Reduce attn tests

jax-ml · Aug 26, 2024 · dd2ca19 · dd2ca19
1 parent be59f6e
commit dd2ca19
Showing 1 changed file with 70 additions and 103 deletions.
diff --git a/tests/nn_test.py b/tests/nn_test.py
@@ -45,149 +45,116 @@ def _is_required_cudnn_version_satisfied():
  cuda_versions.cudnn_get_version() >= 8904
  )
 
-def _get_causal_mask(T, S):
- causal_mask = jnp.tril(jnp.ones((T, S), dtype=jnp.bool_))
- return causal_mask[jnp.newaxis, jnp.newaxis, :, :]
+def _check_cudnn_backend(fn, *args, **kwargs):
+ lowered = jax.jit(fn).lower(*args, **kwargs)
+ hlo = mlir.module_to_string(lowered.compiler_ir('stablehlo'))

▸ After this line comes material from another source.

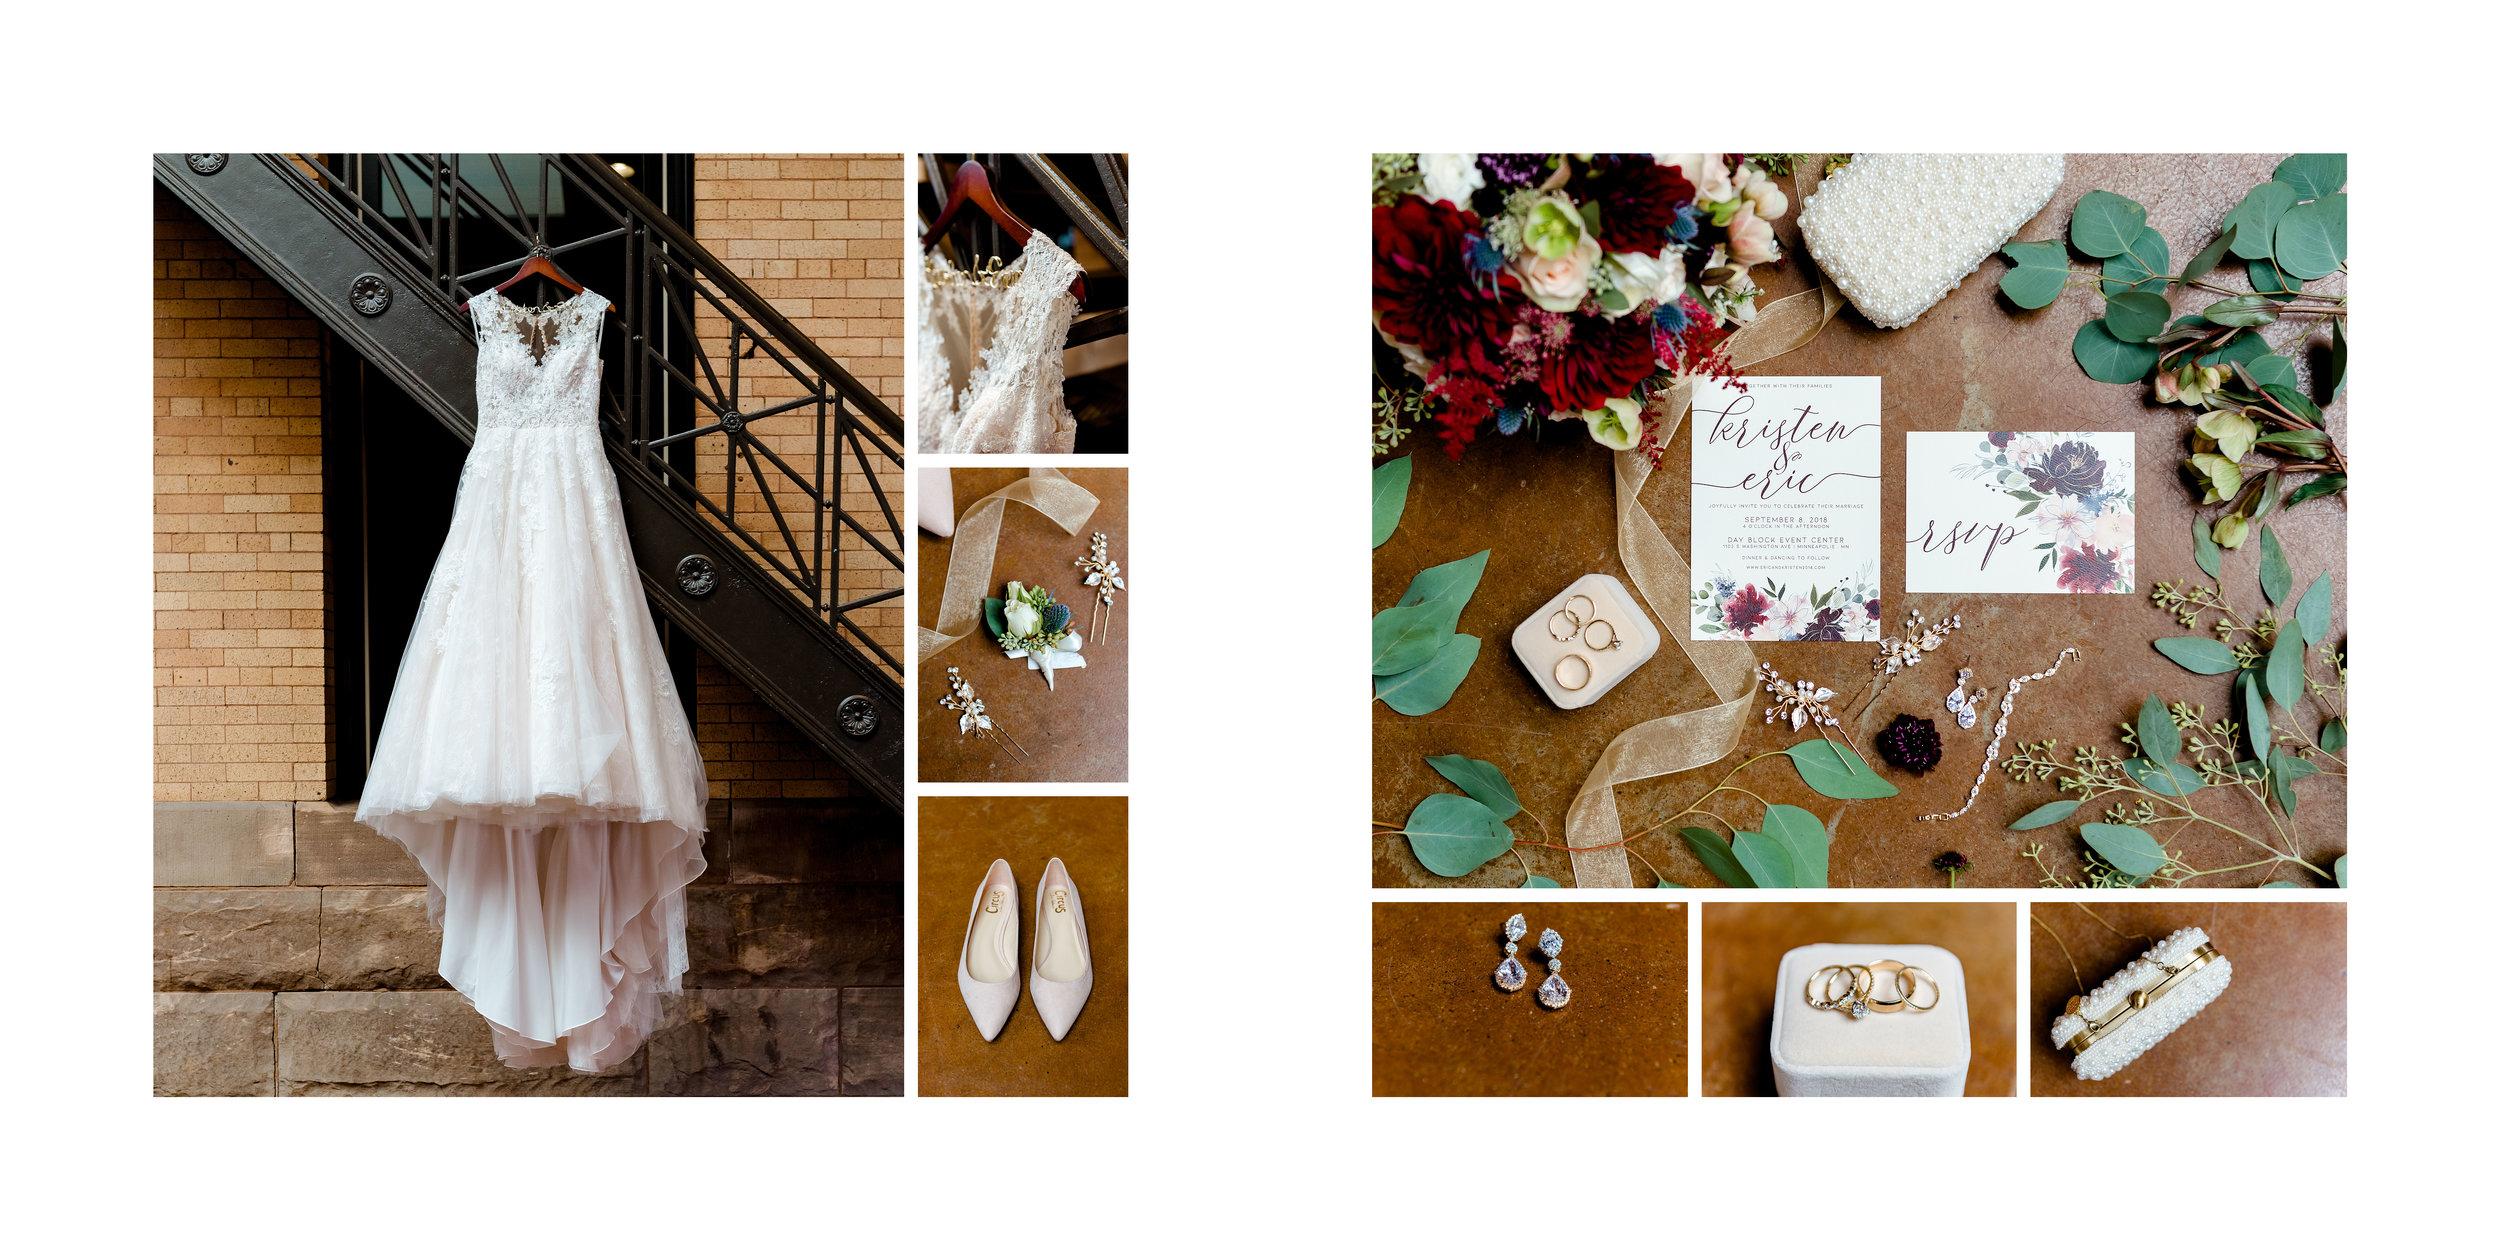 Kristen + Eric - Wedding Album Sample_05.jpg

+ return '__cudnn$fmha' in hlo
 
 @jtu.with_config(jax_legacy_prng_key="allow",
  jax_numpy_dtype_promotion="standard")
 class NNFunctionsTest(jtu.JaxTestCase):
  @parameterized.product(
- dtype=[jnp.float32, jnp.bfloat16, jnp.float16],
- use_bias=[False, True],
- causal_mode=[None, 'attr', 'mask'],
+ dtype=[jnp.bfloat16, jnp.float16],
  group_num=[1, 2, 4],
  use_vmap=[False, True],
- use_seqlen=[False, True],
- impl=['xla', 'cudnn'],
+ impl=['cudnn', 'xla'],
  )
- def testDotProductAttentionInfer(self, dtype, use_bias, causal_mode,
- group_num, use_vmap, use_seqlen, impl):
+ def testDotProductAttention(self, dtype, group_num, use_vmap, impl):
  if impl == 'cudnn' and not _is_required_cudnn_version_satisfied():
  raise unittest.SkipTest("CUDA or cuDNN versions are not compatible.")
  if impl == 'cudnn' and dtype == jnp.float32:
  raise unittest.SkipTest("cuDNN only supports fp16 or bf16.")
- if use_vmap and use_seqlen:
- raise unittest.SkipTest("vmap cannot be used together with variable "
- "seqence lengths")
 
- sdpa = nn.dot_product_attention
  B, S, T, N, H, G = 2, 128, 128, 4, 32, group_num
- keys = random.split(random.PRNGKey(0), 4)
+ keys = random.split(random.PRNGKey(0), 5)
  Q = random.normal(keys[0], (B, T, N, H), dtype)
  K = random.normal(keys[1], (B, S, N // G, H), dtype)
  V = random.normal(keys[2], (B, S, N // G, H), dtype)
- if use_bias:
- bias = random.normal(keys[3], (1, N, T, S), dtype)
- else:
- bias = None
- if use_seqlen:
- q_seqlen = jnp.array([T // 2, T // 4], dtype=jnp.int32)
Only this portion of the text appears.